With lax labor laws and rapidly growing shipbuilding capacity, a United States Navy (USN) official said on Tuesday China could out-produce the United States in warship construction—and he might be just right.

USN Secretary Carlos Del Toro spoke at a National Press Club Headliners luncheon in Washington, DC, about the persistent endeavors of Beijing “to violate the maritime sovereignty and economic well-being of other nations,” especially to allies situated around the highly-disputed South China Sea.

Carlos Del Toro
Secretary of the Navy Carlos Del Toro speaking during a ceremony at Mahan Hall in Annapolis, Maryland, February 17, 2023. (Image source: DVIDS)

Because of its rapidly growing naval fleet, China has become more daring and aggressive in its military expansion and activities near the waters it claims to be historically theirs, which, if ignored, could spiral out of control.
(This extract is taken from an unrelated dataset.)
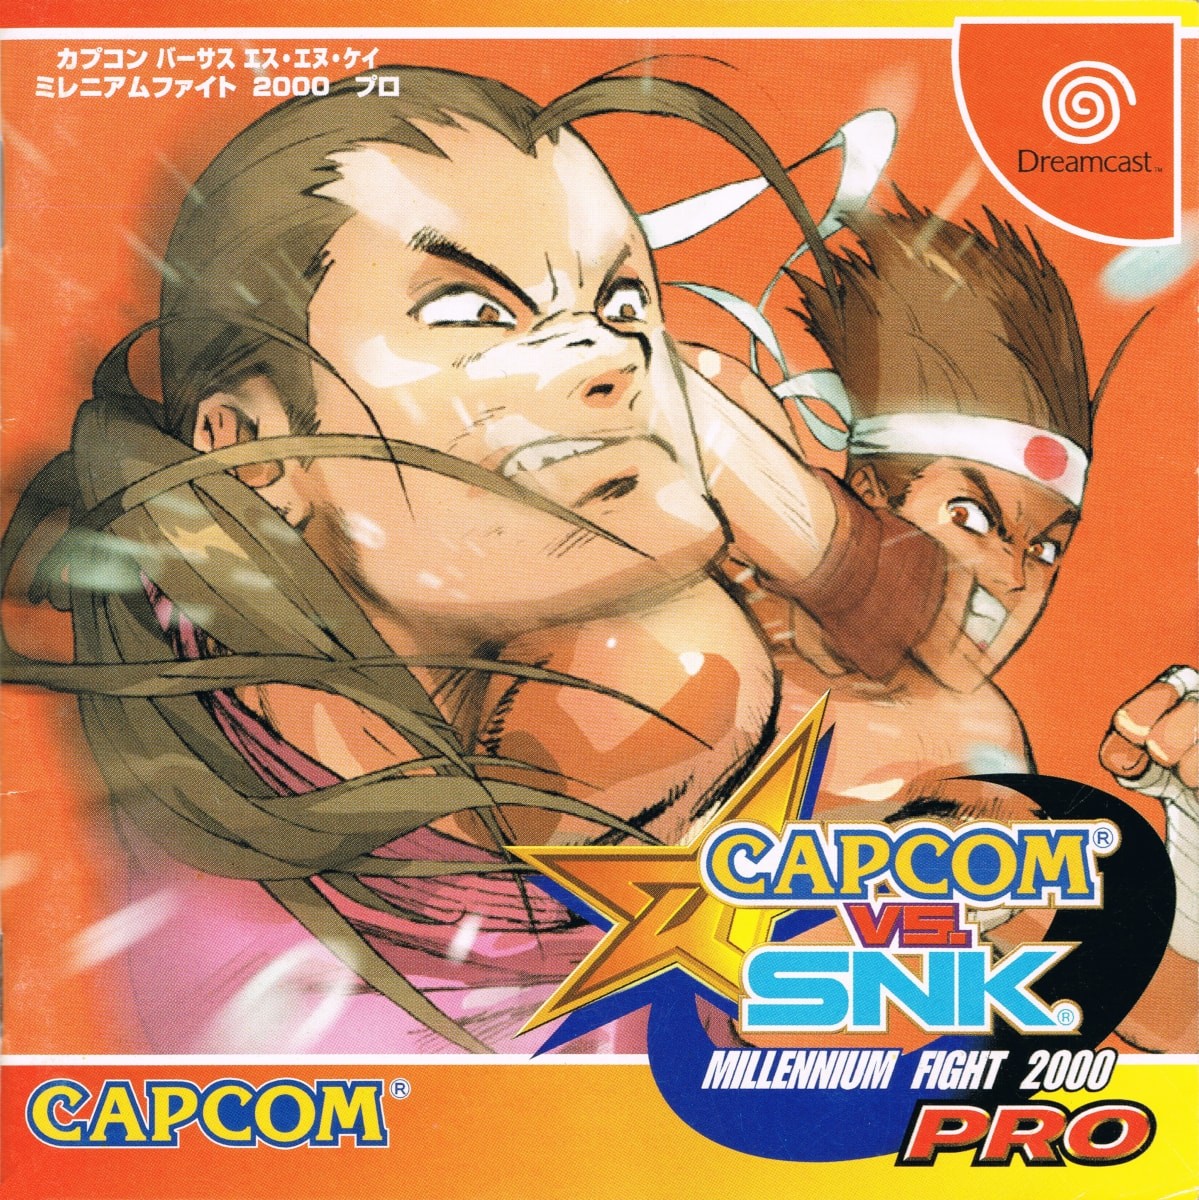 Capa do jogo Capcom vs. SNK Millennium Fight 2000 Pro

They got a larger fleet now so they’re deploying that fleet globally,” Del Toro said, stressing more than ever the urgent need for the modernization and shipbuilding expansion of the US Fleet. “We do need a larger Navy, we do need more ships in the future, more modern ships in the future, in particular, that can meet that threat.”
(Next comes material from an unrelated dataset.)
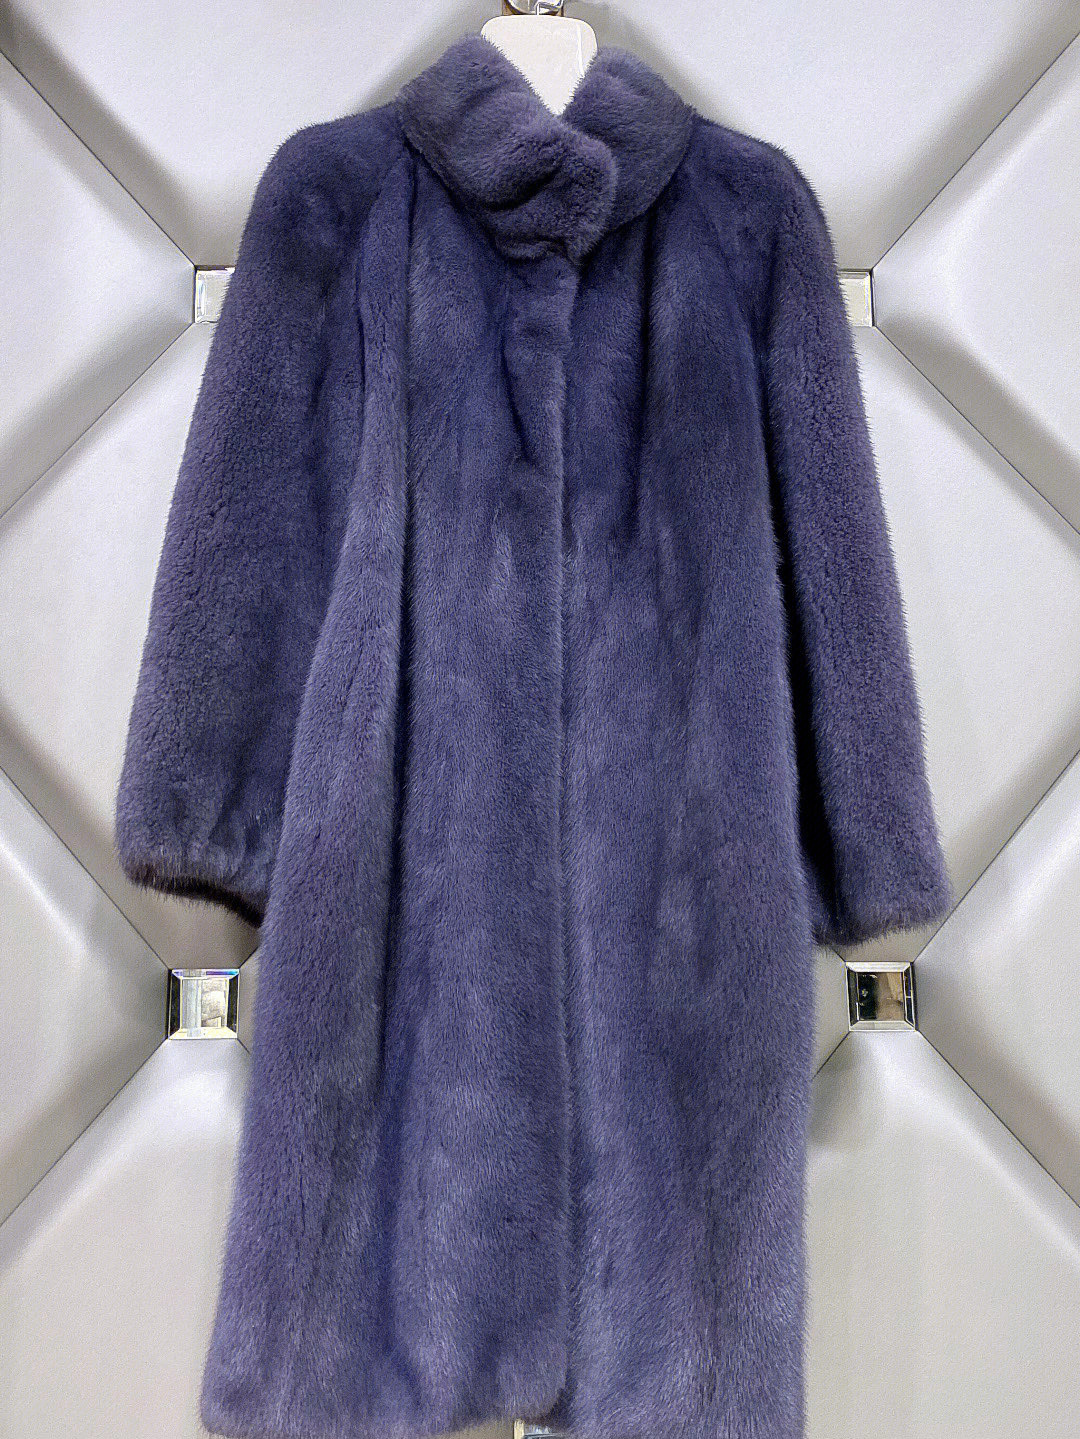 紫貂大衣为什么名贵图片

China’s People’s Liberation Army Navy (PLAN) currently boasts approximately 340 ships and might ramp up its fleet to 60 more in the near future. Meanwhile, the US Navy maintains less than 300 warships, which could further shrink as several old vessels are scheduled for decommissioning, according to a November report by the US Congressional Budget Office. Not to mention the Navy’s plans to replace the retiring fleet with more sophisticated next-generation warships, the expected number of 350 manned ships by 2045 remains a hundred-plus short of China’s projected fleet.

‘Quality’ Couldn’t Always Win Over ‘Quantity’

This urgent call from Del Toro isn’t new, as many experts have previously highlighted the outnumbered fleet issue of the USN.

Yes, our fleet is no doubt more sophisticated, powerful, and capable, with thousands of competent and highly skilled sailors on board, but as history has shown us— particularly in naval warfare, the side with “the larger fleet almost always wins.”

CVN 77
A C-2A Greyhound aircraft takeoffs from the flight deck of the Nimitz-class aircraft carrier USS George H.W. Bush (CVN 77) on February 21, 2023. (Image source: DVIDS)

Retired USN Captain Sam J. Tangredi tackled this in the January issue of the US Naval Institute’s Proceedings magazine. He examined 28 naval wars—from the Greco-Persian Wars of 500 BC to the recent Cold War proxy conflicts and interventions—and found only three instances of quality defeating quantity.